Ответа, ожидаемо, не последовало, и Коннор, положив монету под подушку, свернулся на кровати в очередной вялой попытке уснуть пораньше. Священник не знал, что в тот момент Жадность оторвался от поглощения чьей-то жалкой душонки и посмотрел наверх, туда, где тусклым светом переливался выход в мир людей, и мечтательно улыбнулся. Да, он слышал, но на этот раз решил ничего не предпринимать. Коннор прогнал его, не желая видеть, и Гэвин чётко решил, что не вернется, пока пастор не позовёт его сам. Священник в присутствии демона мог отрицать очевидное, так что этот неприятный разлад немного играл греху на руку. Когда болезненные эмоции от разрыва немного поутихли, Гэвин задумался об изменениях в Конноре и понял, что почти добился своего. Пастор начал симпатизировать в ответ, возможно, даже влюбился, но упрямец явно не собирался признаваться в этом даже самому себе. Стоило подождать, позволить священнику примириться со своими новыми чувствами, пусть находиться вдали от любимого человека временами было даже слишком сложно.

Пошла третья неделя после того, как настоятель прогнал Гэвина, и всё время демон изнывал. Это было сродни худшей пытки: иметь возможность снова приблизиться к нему в любой момент и понимать, что своим появлением можно сделать только хуже. Жадность каждую секунду желал сорваться обратно в мир людей, чтобы хотя бы одним глазком вживую снова увидеть Коннора, и постоянно останавливал свои порывы, через силу заставляя себя отводить взгляд от портала в человеческий мир. Он даже не стал пользоваться магией, чтобы приподнять завесу, разделяющую их миры. Демону казалось, что стоит ему увидеть Коннора хотя бы на минуту, то он точно больше не сможет сдерживаться.

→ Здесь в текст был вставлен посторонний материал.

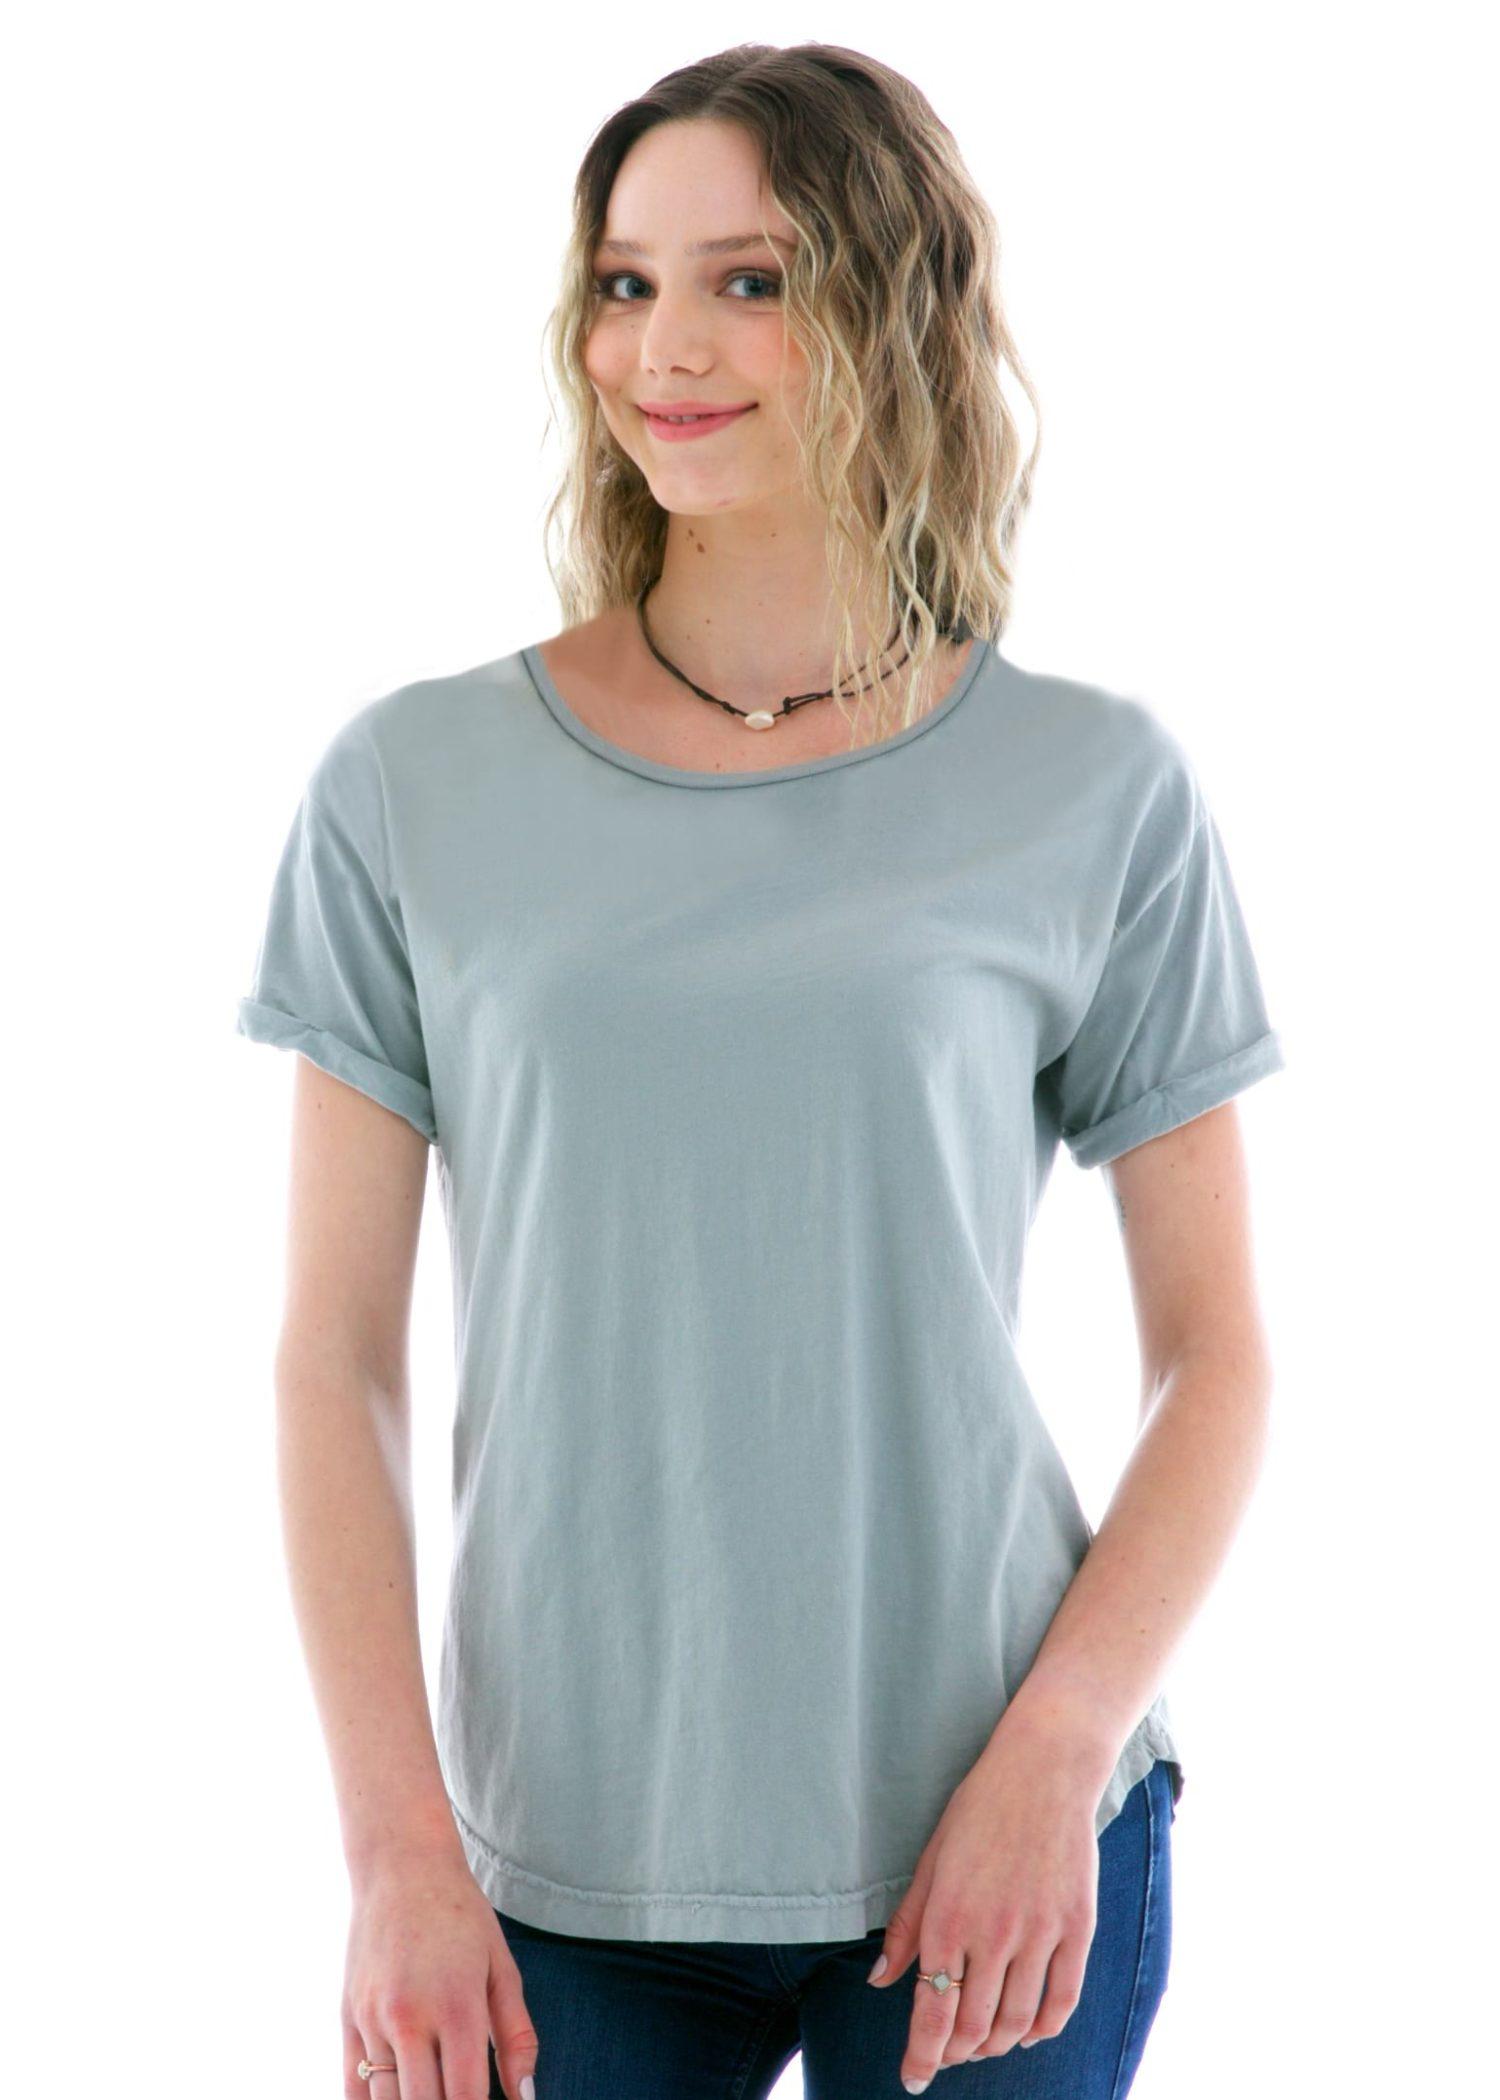 Boyfriend Rollup Crew Short Sleeve T-Shirt Front View

Пастор хотел доказательства любви, хотел, чтобы Гэвин показал своё умение держать себя в руках, и тот не собирался идти наперекор этому нелепому способу получить подтверждение правдивости его чувств. И пусть священник был зол и огорчён в момент, когда озвучил это, демон пообещал себе, что сможет выдержать разлуку. А пока приходилось радоваться, что Коннор не выбросил оставшуюся монетку и даже почти всё время хранил её под рукой. Гэвин связал часть себя с этой монетой и теперь мог чувствовать касания мужчины, его тепло и слышал голос Коннора. Из-за расстояния и завесы, разделяющей их миры, каждое касание было едва ощутимым, лёгким, слабым, как прикосновение волоса, а голос звучал глухо, будто пробивался сквозь толщу воды. Но даже такие мелочи были лучше, чем отсутствие какой-либо связи.

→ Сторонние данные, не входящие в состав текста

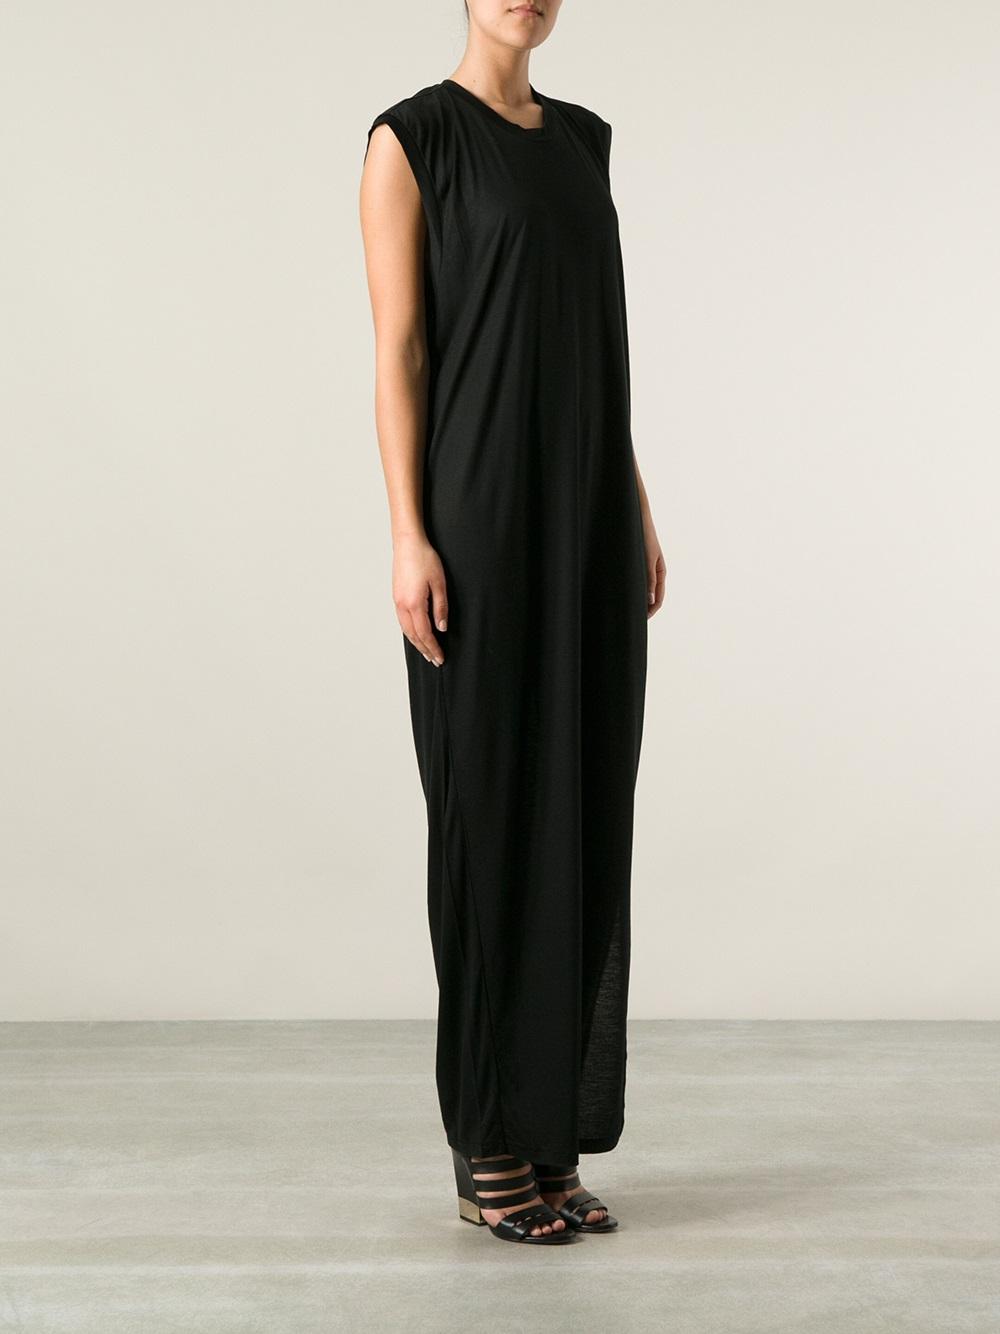 Acne Draped Back Maxi Dress in Black - Lyst

— А ты всё страдаешь, — раздался сбоку насмешливый голос. — Ну же, Гэвин, не кисни, на тебя уже смотреть тошно. — Лень легонько пихнула демона в плечо. — Глядя на тебя, остаётся надеяться, что я никогда ничего подобного не испытаю. Эти твои чувства — полный отстой.

— Пусть так, но благодаря этому, как ты выразилась, отстою, я чувствую себя живым, — угрюмо отозвался Жадность.

— Почему ты до сих пор не сменил облик? — спросила демонесса, с интересом разглядывая человеческое тело собеседника.